Didik mengatakan pihaknya belum dapat mengakomodasi seluruh siswa yang membutuhkan layanan angkutan pelajar karena kapasitas kendaraan masih terbatas.
"Kalau antusias, memang banyak sekali sehingga kita masih belum bisa memenuhi antusias itu karena kapasitas kendaraan," paparnya.
Saat ini, layanan bus sekolah tersebut mengangkut sekitar 130 hingga 150 siswa SMP.
Para siswa berasal dari sejumlah sekolah di Kabupaten Trenggalek, di antaranya SMPN 1, SMPN 3, SMPN 5, SMPN 6 Trenggalek, serta SLB Bhayangkari.
"Dari jumlah yang ada di Trenggalek saja, seperti SMP 1, 3, 5, 6, dan SLB Bhayangkari, masih relatif sedikit yang bisa kita bawa," terangnya.
Operasional Bus Sekolah Capai Rp214 Juta Setahun
Untuk menjalankan tiga armada angkutan pelajar tersebut, Pemkab Trenggalek harus menyiapkan anggaran operasional yang cukup besar.
Didik menyebut kebutuhan operasional bus sekolah mencapai ratusan juta rupiah dalam satu tahun.
"Untuk anggaran satu tahun keperluan operasional sebesar 214 juta," jelasnya.

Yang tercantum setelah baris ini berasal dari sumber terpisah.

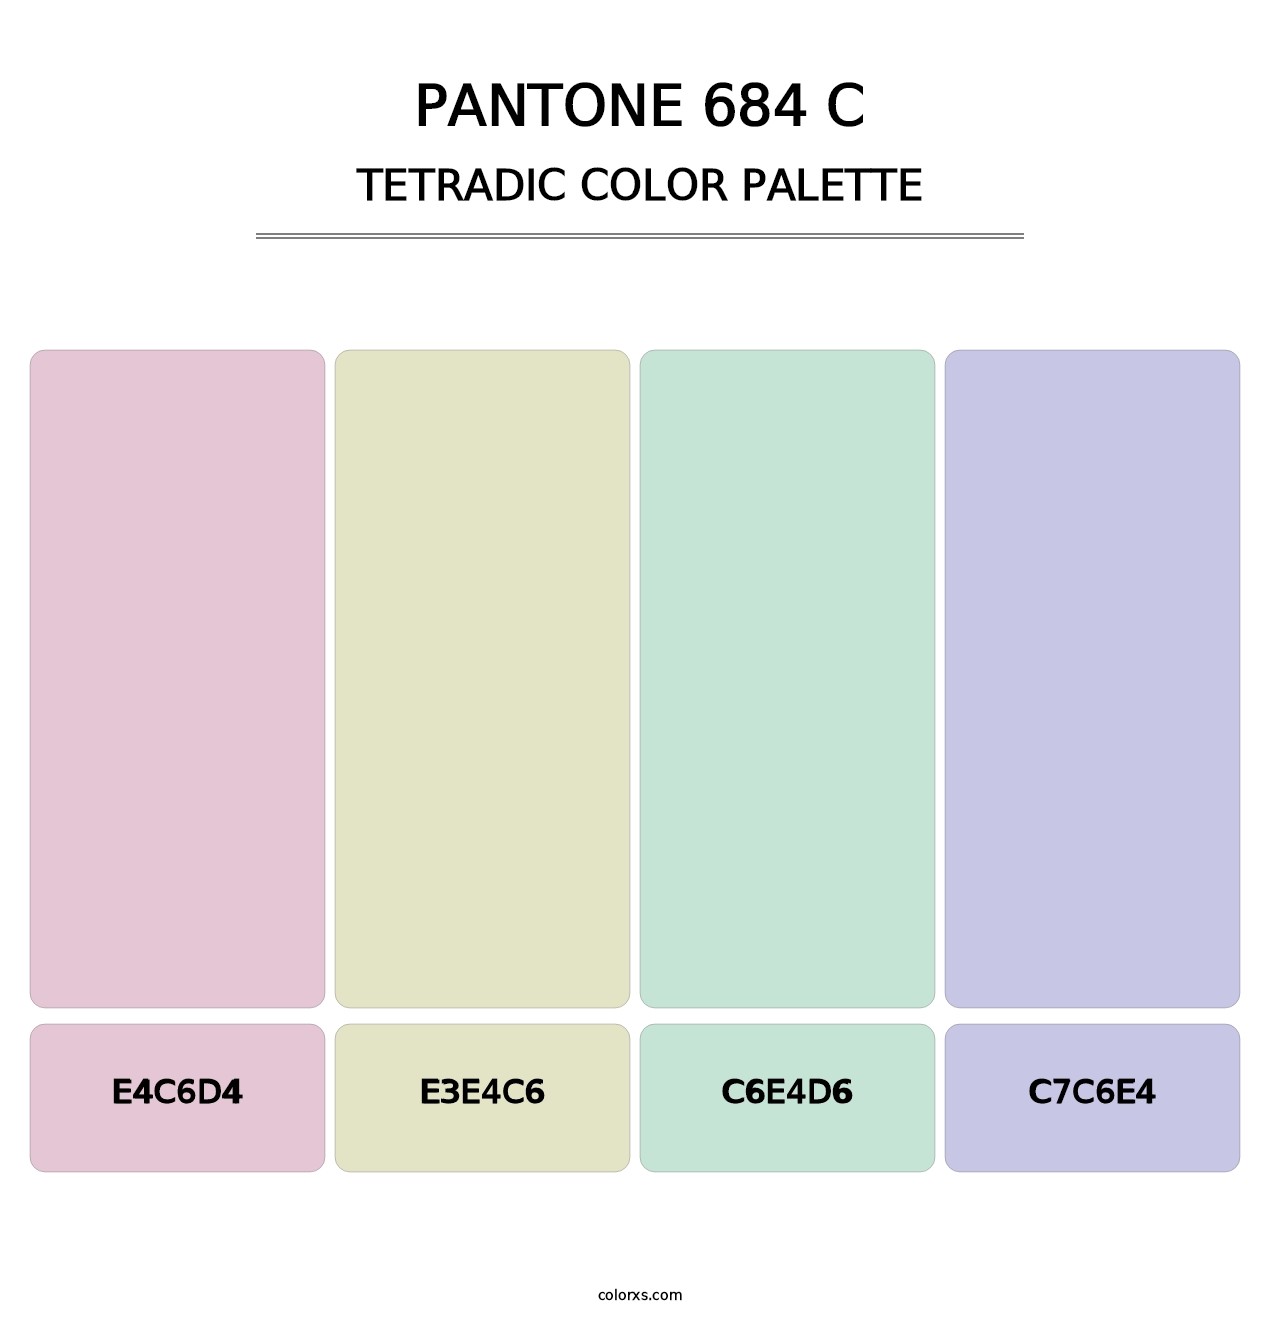 PANTONE 684 C - Tetradic Color Palette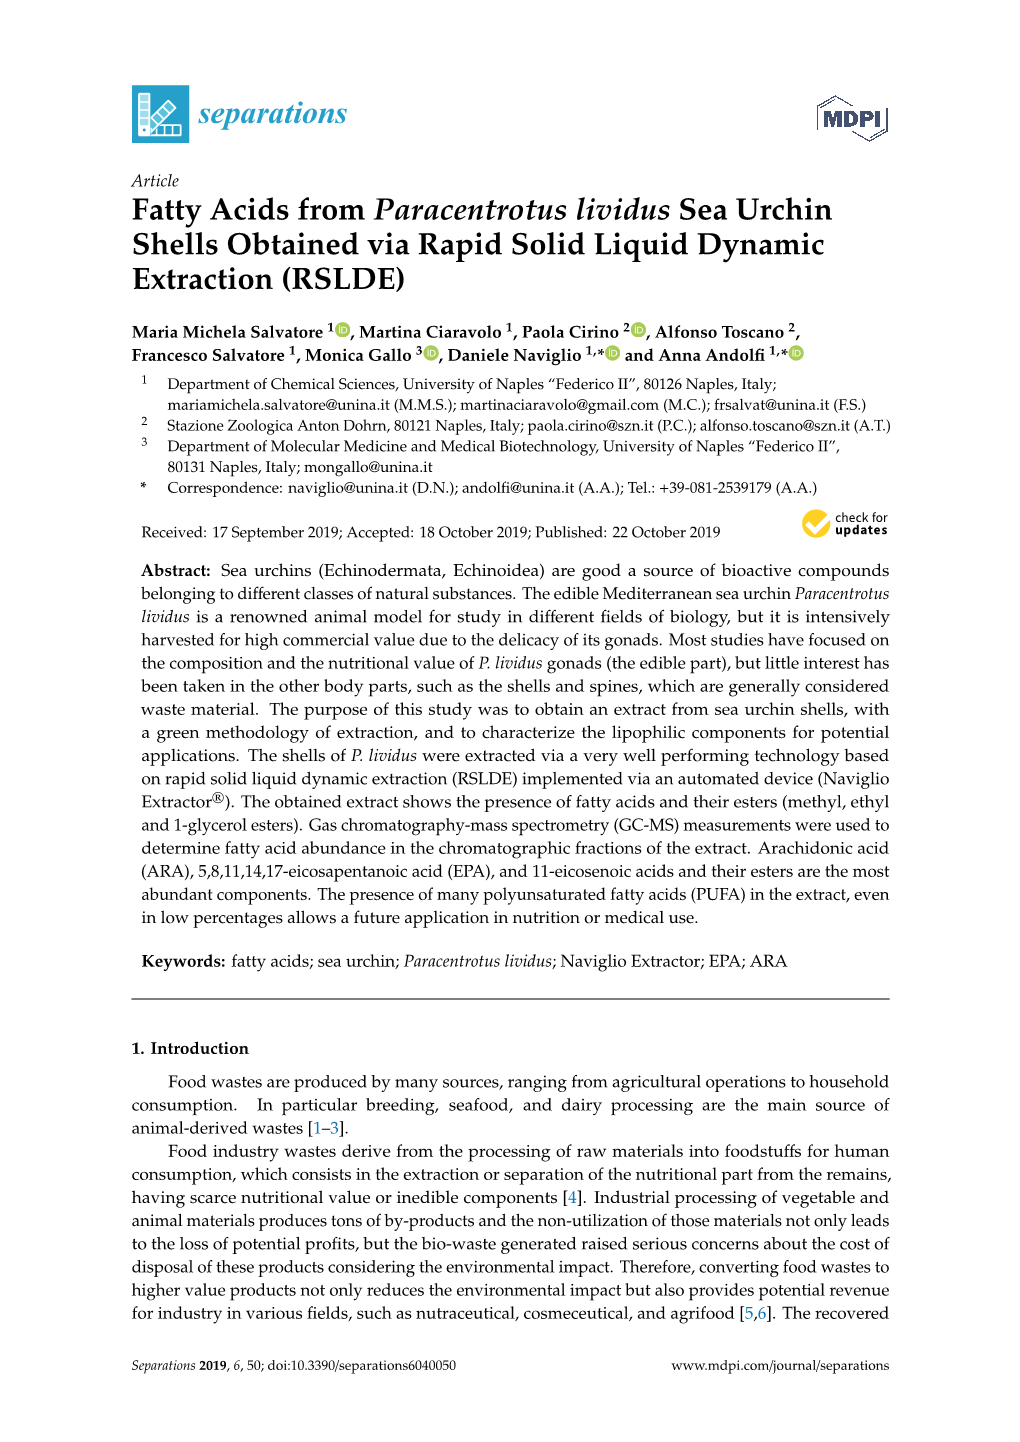 Fatty Acids from Paracentrotus Lividus Sea Urchin Shells Obtained Via Rapid Solid Liquid Dynamic Extraction (RSLDE)

Sementara terkait kenaikan harga bahan bakar minyak (BBM), kondisi tersebut disebut belum terlalu berdampak terhadap operasional bus sekolah.
Hal itu karena kendaraan pelat merah tersebut menggunakan BBM nonsubsidi sesuai dengan peruntukannya.
"Kalau kenaikan BBM, kita kebetulan menggunakan BBM yang nonsubsidi. Itu masih relatif aman sampai dengan tahun anggaran nanti di akhir 2026," akuinya.
Untuk tahun 2027, Disperkimhub Trenggalek memperkirakan kebutuhan operasional kendaraan pelat merah tersebut masih relatif sama dengan tahun sebelumnya.
Pemkab Trenggalek Siapkan Sopir Tambahan
Di tengah tingginya antusiasme pelajar, Disperkimhub Trenggalek masih berupaya menambah tenaga pengemudi.
Penambahan sopir diperlukan agar layanan bus sekolah dapat diperluas dan rute Bendungan yang sebelumnya sempat beroperasi dapat kembali dimanfaatkan.
Dengan tambahan tenaga pengemudi, diharapkan lebih banyak siswa di Kabupaten Trenggalek dapat menikmati layanan transportasi sekolah gratis atau angkutan pelajar milik pemerintah daerah.
Langkah tersebut sekaligus menjadi upaya Pemkab Trenggalek memenuhi tingginya kebutuhan masyarakat terhadap layanan bus sekolah, mengingat jumlah siswa yang berminat menggunakan angkutan tersebut masih cukup banyak sementara kapasitas armada terbatas.